Craig:They should start by thinking of their business as being incredibly simple. Think about “Who are your customers (or who do you want them to be)?”, “What is your product/how does it solve a need?”, and “How do you make money?”. Once you have a clear understanding of these three questions, you’ll then be able to start seeing growth.
Robbie:Why do you think this initial growth phase can be so challenging for founders?
Craig:People often like to work in “the known”. For founders, the known is what you want to build. On the other hand, the unknown is how you’re going to get people to use that product. Working in “the known” is much more comfortable, so founders often just focus on that. You should focus on the thing you’re most likely to fail at first: getting people to use your product.

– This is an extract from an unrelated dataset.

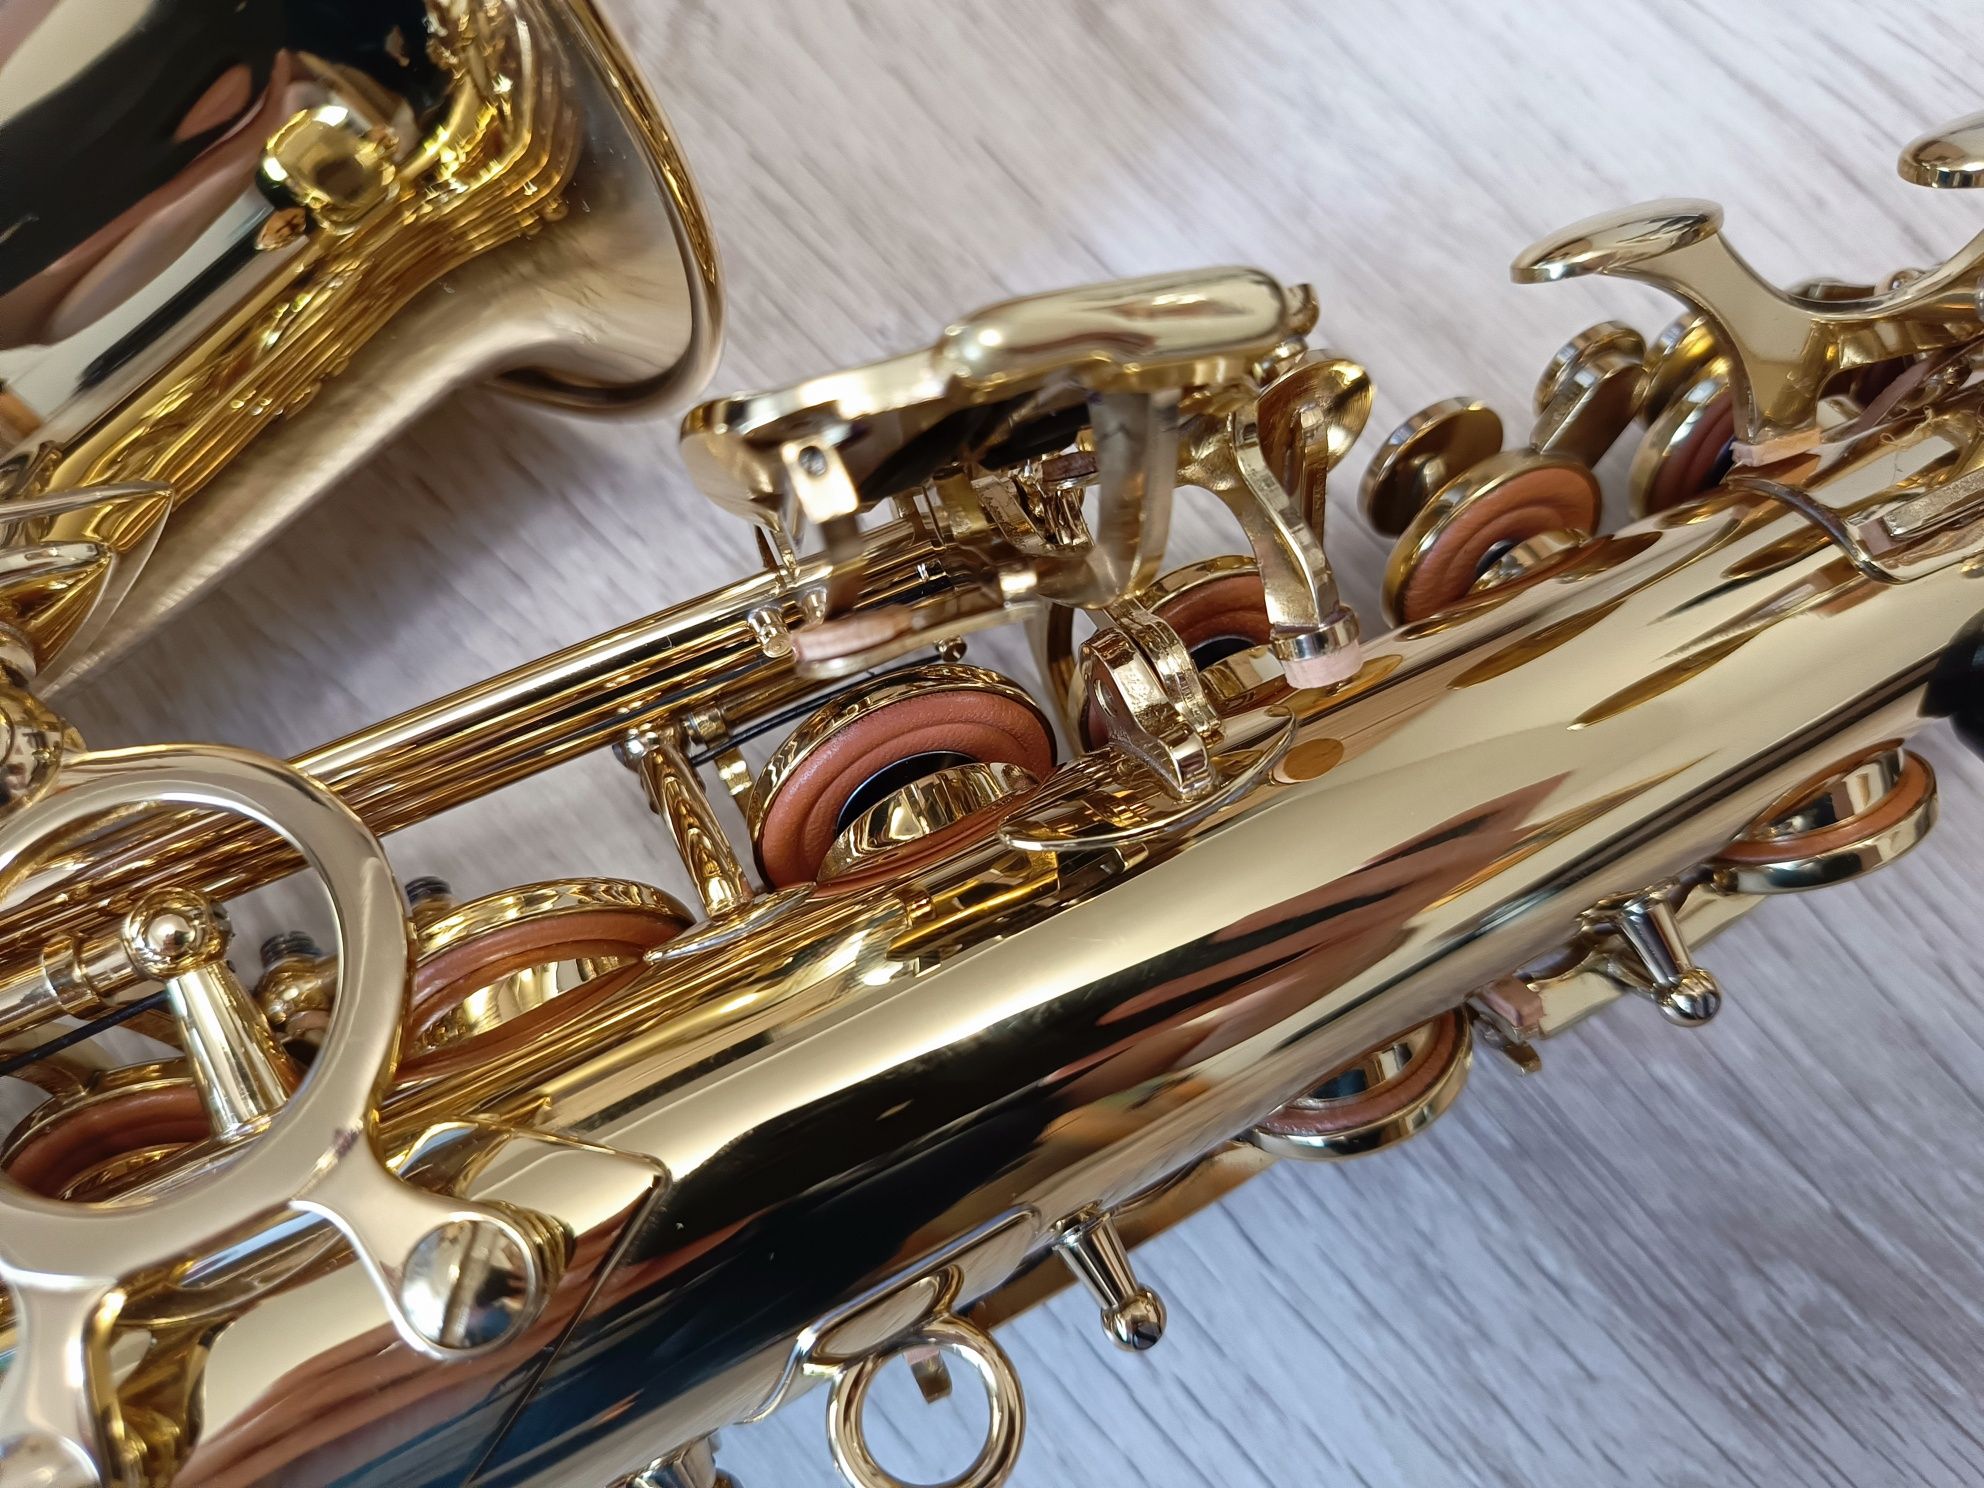 Saksofon altowy Yoshino V12 w pieknym zlotym lakierze

Robbie:Why is it so important to build an initial base of customers?
Craig:When I joined both Kijiji and Shopify, the first thing I focused on was getting as many people as possible to use the product. This was critical for both companies. Once you have a sufficient number of people using the product then you can start to think about “Where does the product go next?”.
Robbie:What are some of the best ways to get people to use your product?
Craig:I think the concept of a feedback loop is the most important thing for founders. Do something. See if it works. If it works, do more of it. If it didn’t work, do something else. So few founders close that loop and properly measure it. Rather, they just do a lot of work, running around doing different things all at once.    Sometimes I’ll ask founders what’s making an impact and they say they don’t know. That’s scary to me. If they do know what’s making an impact, I often find it’s just a few things making the biggest impact. So, my advice to founders is to focus on those few things that are making the biggest impact.   For example, many companies I work with spend lots of money on online advertising, but they don’t know if the advertising is driving new customers or revenue growth (or whatever metric they should be tracking). My advice is to stop spending that money immediately, set up a proper feedback loop, and track what is making the biggest impact.
Robbie:Do you have a final piece of advice for entrepreneurs?
Craig:Speed should be your advantage. If you’re spending all your time thinking about what to build, you’re not building it. You have the freedom to fail. Because if you fail, it’s all okay, no one cares because you’re small. Learn from that failure and move on. Build your product and get people to use it!